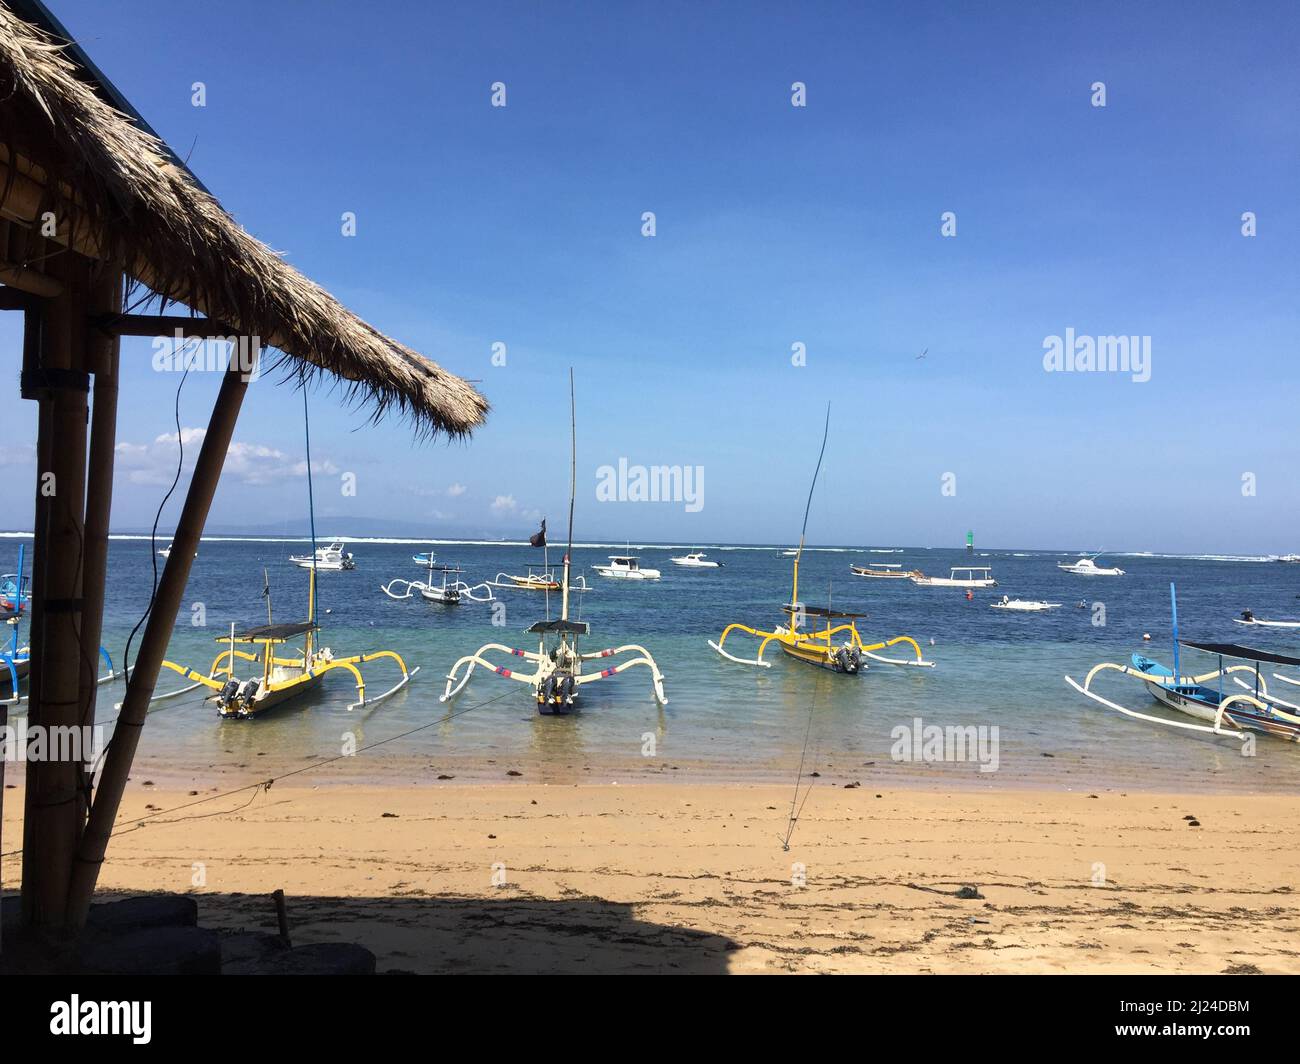 Ubud, Kuta, Sanur, Indonesia. 15th giugno 2019. Barche da pesca sulla spiaggia di Sanur sull'isola indoeuropea di Bali. I turisti sono ancora una volta attratti nel sud-est asiatico. Tuttavia, le regole di ingresso nei vari paesi variano notevolmente. (A dpa: 'Angkor and Co.: What Southeast Asia vacationers need to be aware of Corona') Credit: Carola Frentzen/dpa/Alamy Live News Foto Stock
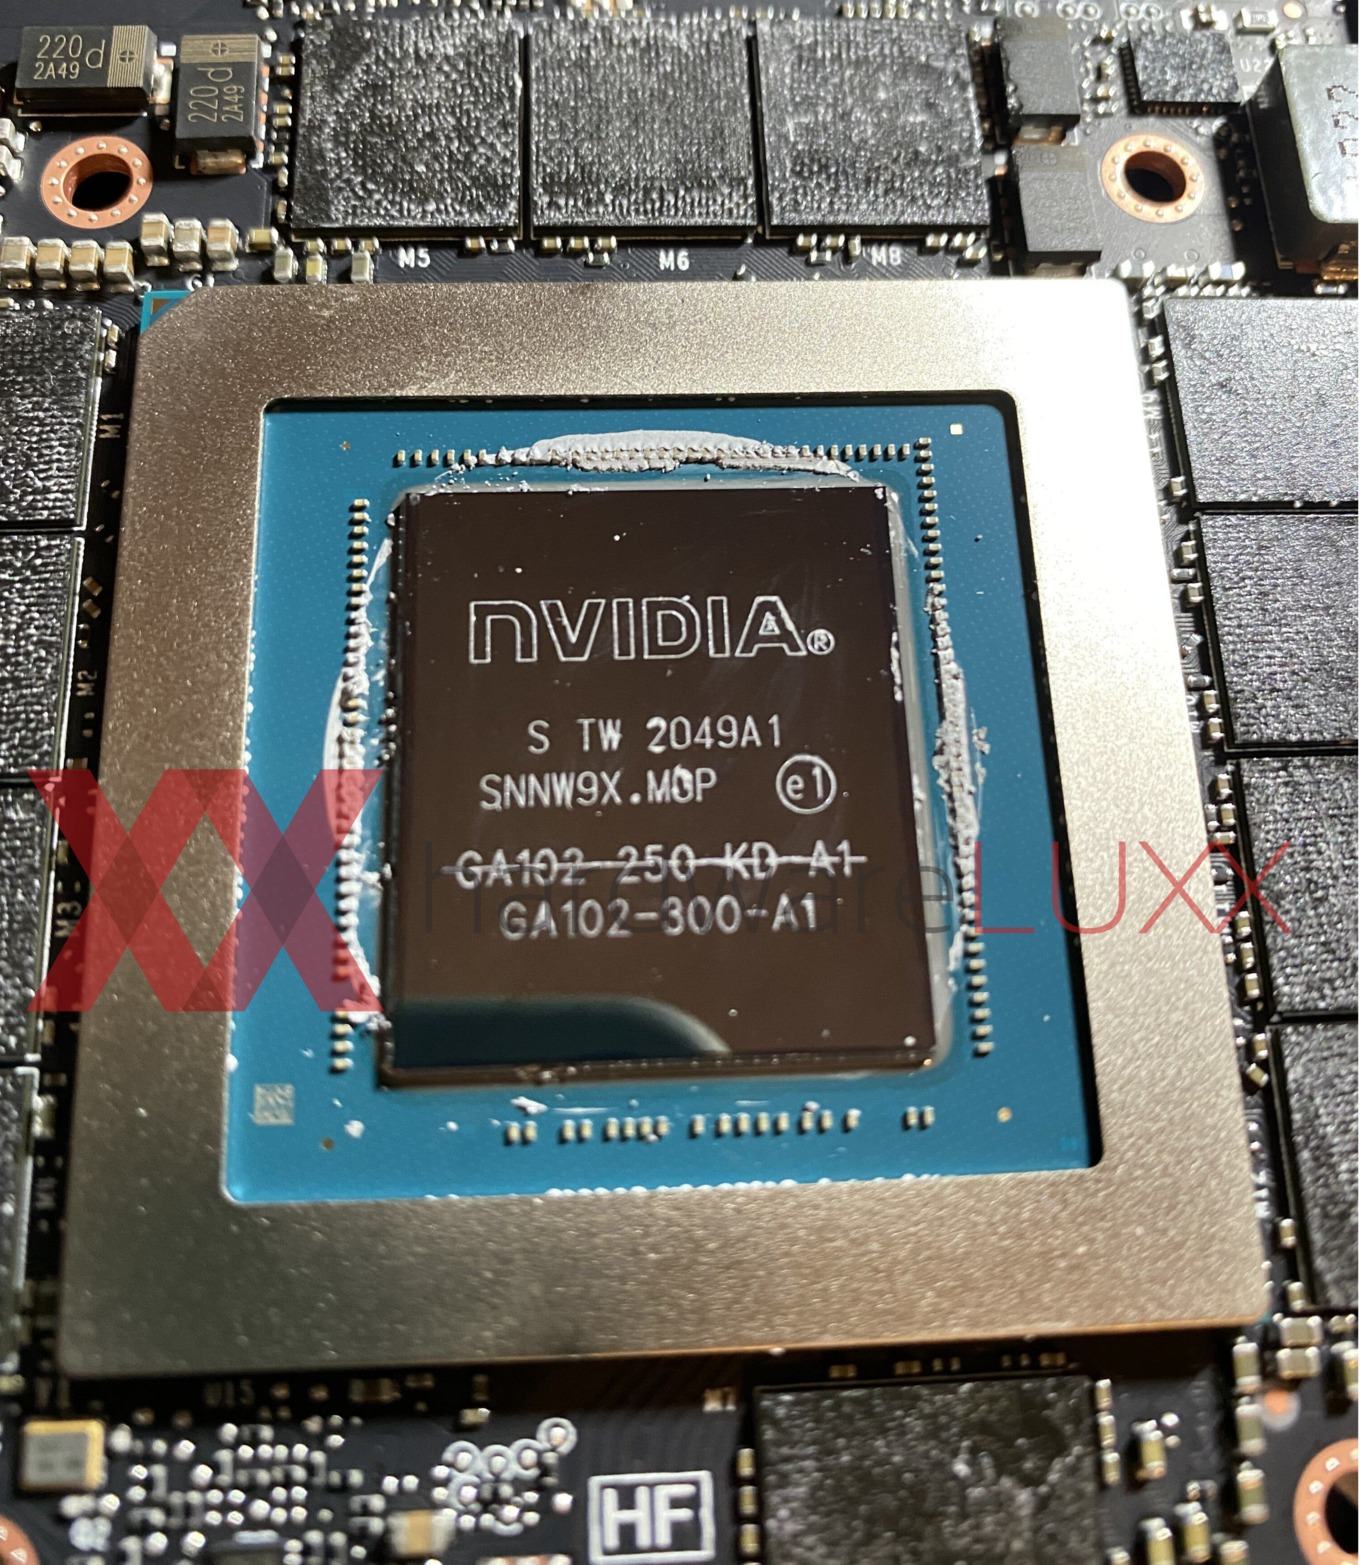 Media asset in full size related to 3dfxzone.it news item entitled as follows: La GPU della GeForce RTX 3080 Ti utilizzata anche per alcune RTX 3090 e RTX 3080 | Image Name: news31898_GPU-NVIDIA-GA102-250-A1_1.jpg
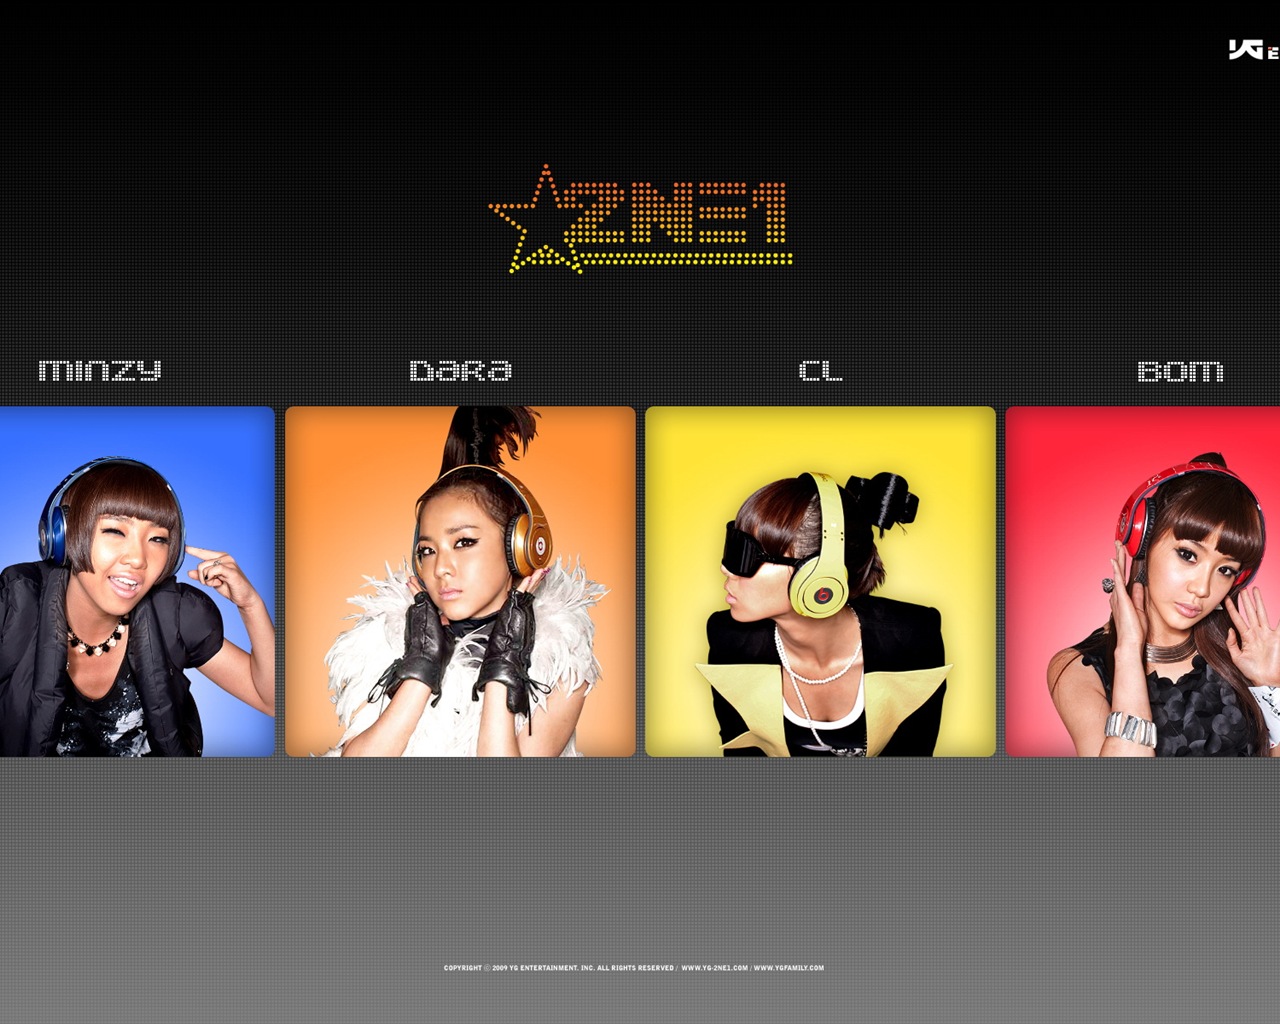 韩国音乐女孩组合 2NE1 高清壁纸16 - 1280x1024
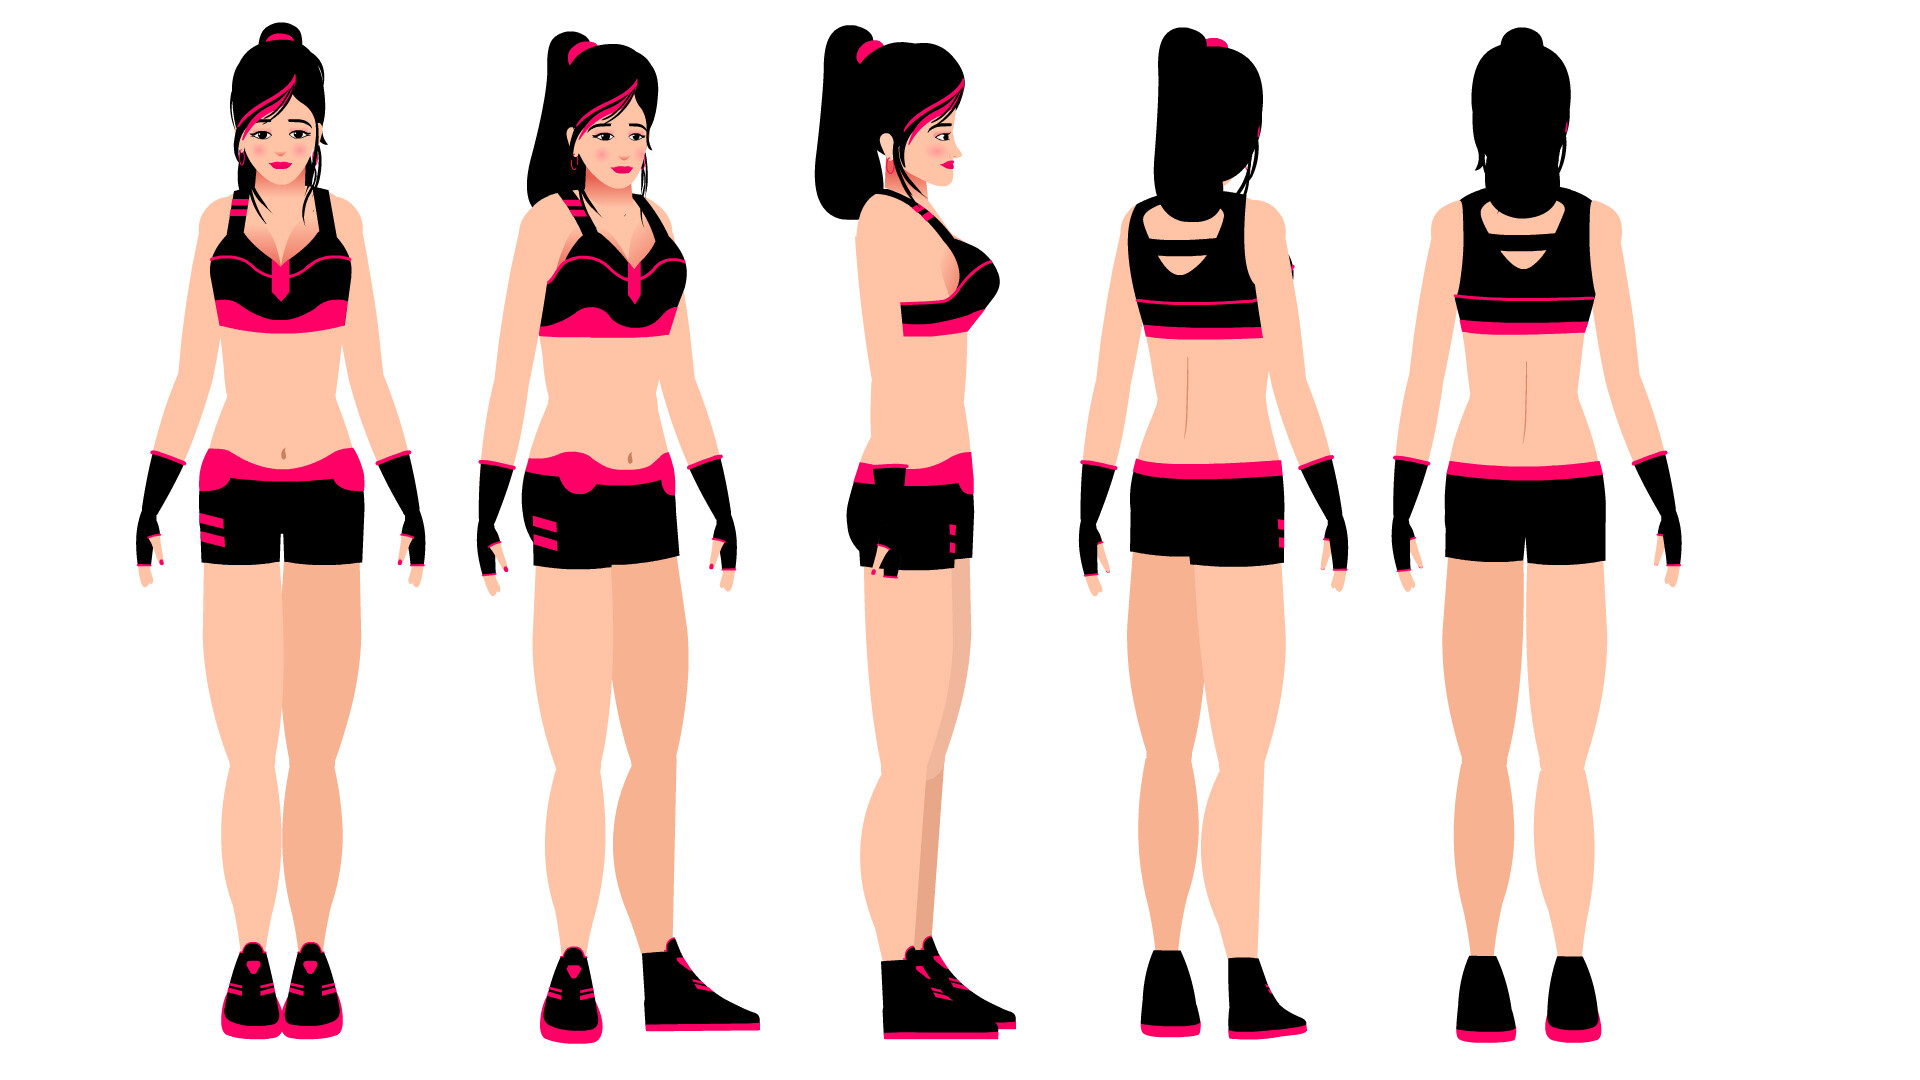 ArtStation - female fitness model 2D animation character design

• • • • • • •

== WORK TO BE COMPLETED ==
Take the data above and repeat it exactly, leaving each picture out.

== OUTPUT OF THE EXERCISE ==
 Ubud, Kuta, Sanur, Indonesia. 15th giugno 2019. Barche da pesca sulla spiaggia di Sanur sull'isola indoeuropea di Bali. I turisti sono ancora una volta attratti nel sud-est asiatico. Tuttavia, le regole di ingresso nei vari paesi variano notevolmente. (A dpa: 'Angkor and Co.: What Southeast Asia vacationers need to be aware of Corona') Credit: Carola Frentzen/dpa/Alamy Live News Foto Stock
 Media asset in full size related to 3dfxzone.it news item entitled as follows: La GPU della GeForce RTX 3080 Ti utilizzata anche per alcune RTX 3090 e RTX 3080 | Image Name: news31898_GPU-NVIDIA-GA102-250-A1_1.jpg
 韩国音乐女孩组合 2NE1 高清壁纸16 - 1280x1024
 ArtStation - female fitness model 2D animation character design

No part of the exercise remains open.